While Rich’s company bought crude from companies acting on behalf of
those with allocations, no documents show he paid illegal surcharges.
However, allocation holders would typically “pass on the cost of that
surcharge,” according to a recent Senate report. “[Buyers] were
informed of the required surcharges, and either paid them directly or
reimbursed the allocation holder.” Hesham denies that INCOME paid
illegal surcharges.
Saddam banked about $10 billion from oil surcharges and smuggling, says
the U.S. Government Accountability Office. Initially it enabled him to
live large, buying fleets of Mercedes and the finest wine, according to
the CIA. But when pressure from the Bush Administration mounted in
2001, Saddam earmarked the money for a war chest that “is likely
funding the current insurgents,” says John Fawcett, an independent
investigator tracking Iraqi funds who recently testified to the House
Committee on Energy & Commerce.
Some Rich Boys were heavy hitters in Oil-for-Food. In February, 2001,
for example, the U.N. Security Council reported that Glencore bought 1
million barrels of Iraqi crude destined for the U.S. The oil was
diverted to Croatia, where it was sold for a $3 million premium, that
went into a secret bank account. Glencore was caught by U.N. overseers,
and later agreed to refund the money to the U.N. A Glencore spokeswoman
says the oil was shipped to Croatia for storage and later shipment to
the U.S. A CIA report alleges that Glencore paid more than $3.2 million
in surcharges to Iraq, something it denies.

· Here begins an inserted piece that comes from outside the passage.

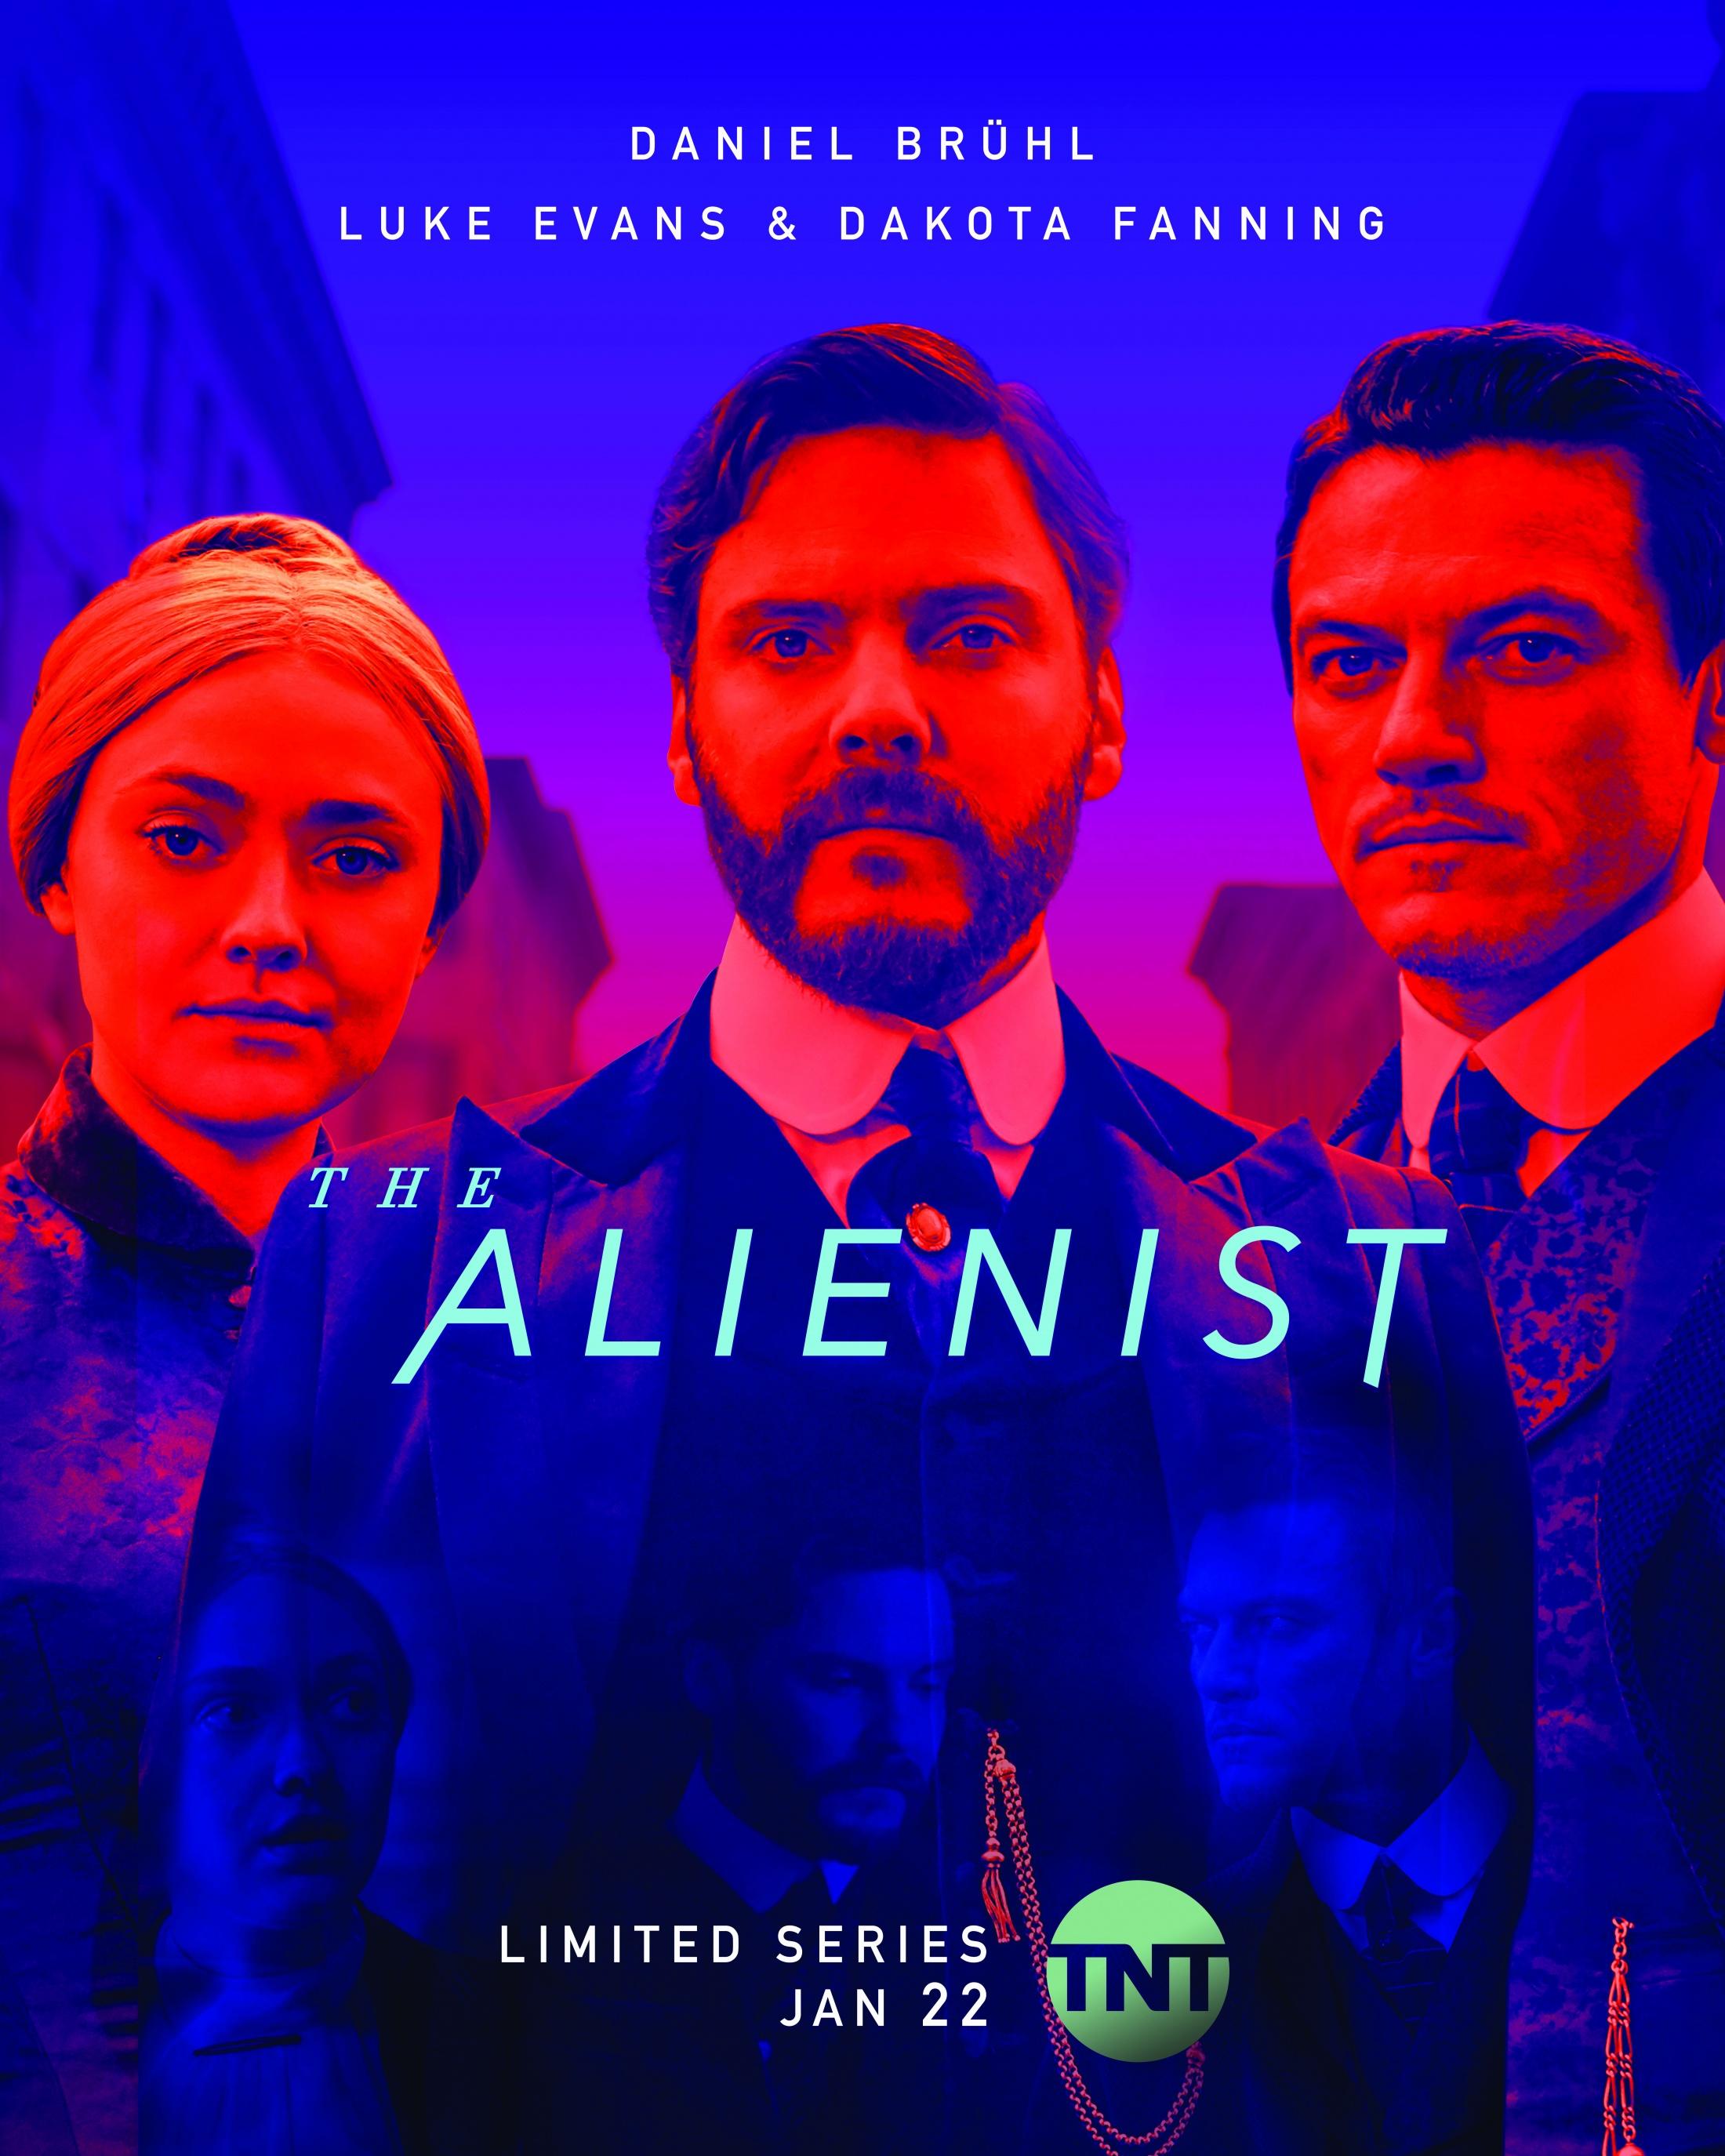 Thumbnail for The Alienist Docuseries Episode 3
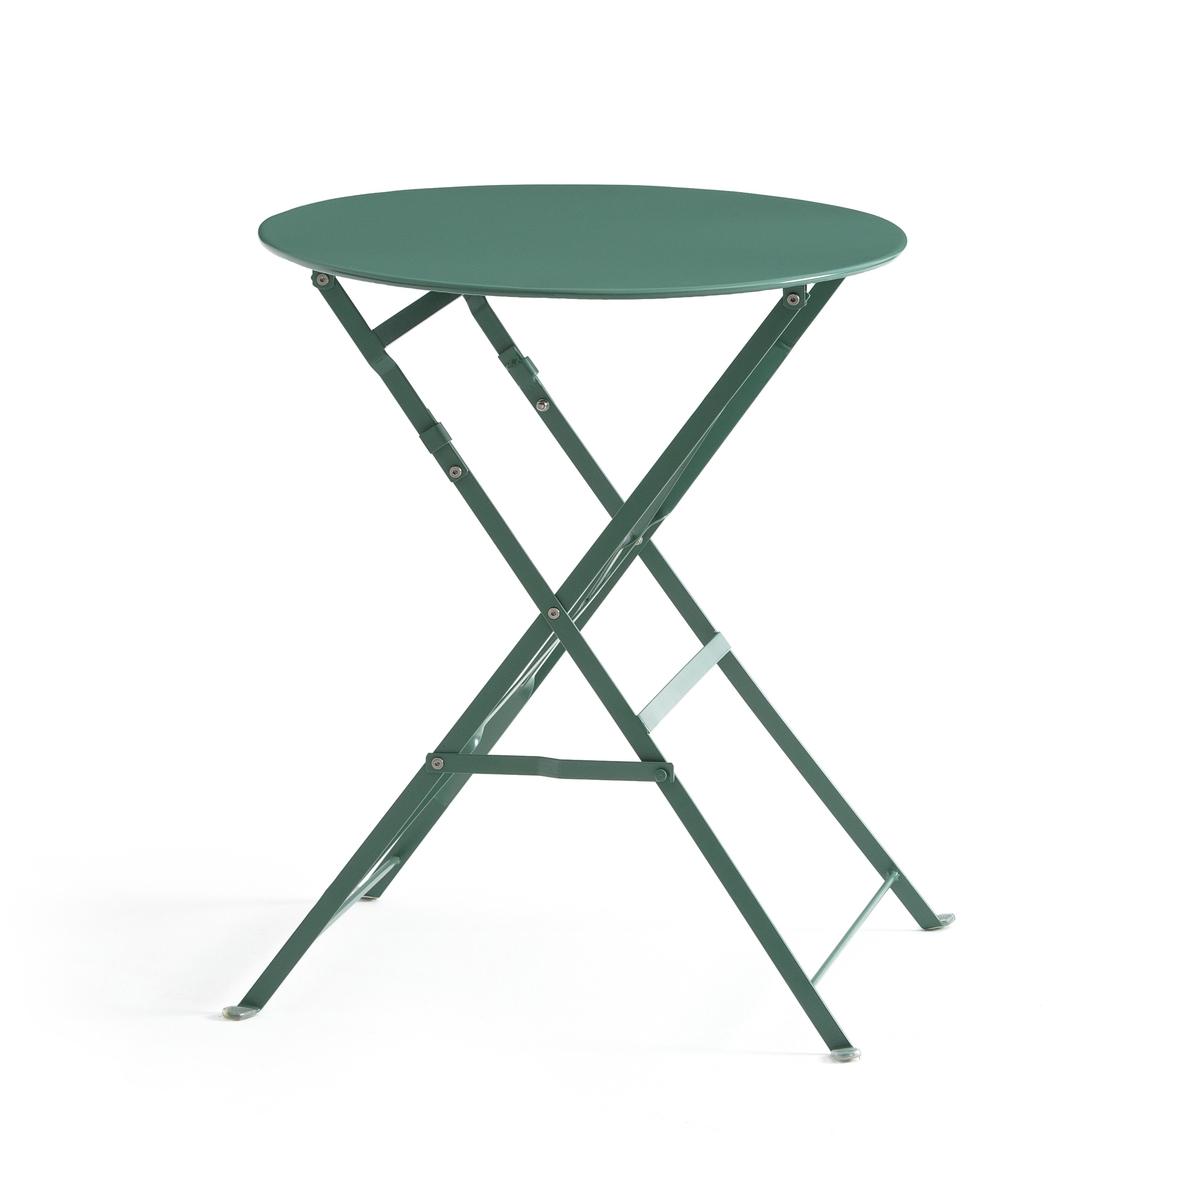 Столик складной из металла OZEVANИдеален для небольших помещений, дома или в саду, небольшой металлический столик легко складывается и собирается.Характеристики складного столика OZEVAN : - Из металла с цветным лаковым покрытием. -Покрытие: эпоксидная эмаль..  Поставляется в собранном виде.  Размеры : - Общие : ? 60 x В70 см. - В собранном виде : толщина 5 см.  Идея для декора : для ужина тет-а-тет на балконе или внутри помещения в качестве вспомогательного столика : эта яркая модель собирается без усилий !  *Металл с антикоррозийной обработкой и покрытием эпоксидной эмалью делает этот столик  удобным  в использовании и устойчивым к ржавчине и неблагоприятным погодным условиям. Легкий, просто перемещать и хранить.<br><br>Цвет: Зеленый эвкалипт,серый,синий прусский,терракота

The numerous investigations into the U.N. program paint a complex
picture of how Rich Boys allegedly work. In September, 2001, U.S. and
U.N. authorities were tipped off by a Greek shipping captain, who
feared his tanker chartered by Trafigura was involved in sanctions
busting. Trafigura, run by former Rich traders Claude Dauphin and Eric
de Turckheim, bought Iraqi oil from a Bermuda company called Ibex
Energy, according to a U.N. report. Ibex was owned by another former
Rich trader, Jean-Paul Cayré. SOCO’s Patrick Maugein, once a top Rich
trader, was close to former Iraqi Deputy Prime Minister Tariq Aziz. The
CIA alleges Maugein received oil allocations that he sold through
Trafigura. Maugein denies paying illegal surcharges. Maugein says he
knows one of Trafigura’s founders. Investigators allege he had a
contract with or a stake in Trafigura, something both the company and
Maugein deny. Maugein and Trafigura also deny having commercial ties to
Ibex.
DEALS WITH EXTREMISTS
Rich and those like him are so successful because they’ll do business
with virtually anyone if there are big bucks to be made. Both Rich and
Pollner’s Taurus Petroleum bought Iraqi crude in 2001 through the
now-defunct Zerich, according to MEES shipping records. Zerich was a
front for various groups that received oil allocations, a CIA report
says.
Some of them, BusinessWeek has learned, are extremists, including
Ukranian and Russian outfits that strongly supported Saddam — as well
as North Korean strongman Kim Jong Il. One, Russia’s Peace & Unity
Party, threw a birthday bash in Moscow in January, 2004, in honor of
Kim. At it, Peace & Unity Chairwoman Sazhi Zaindinova Umalatova
called Kim “an all-powerful treasured sword…when the imperialists are
getting more undisguised in their military ambition,” according to
North Korea’s news agency. Zerich also acted for the Ukraine Communist
Party and the Ukraine Socialist Party. In all, Zerich bought $422
million worth of oil from Iraq, according to the Volcker committee.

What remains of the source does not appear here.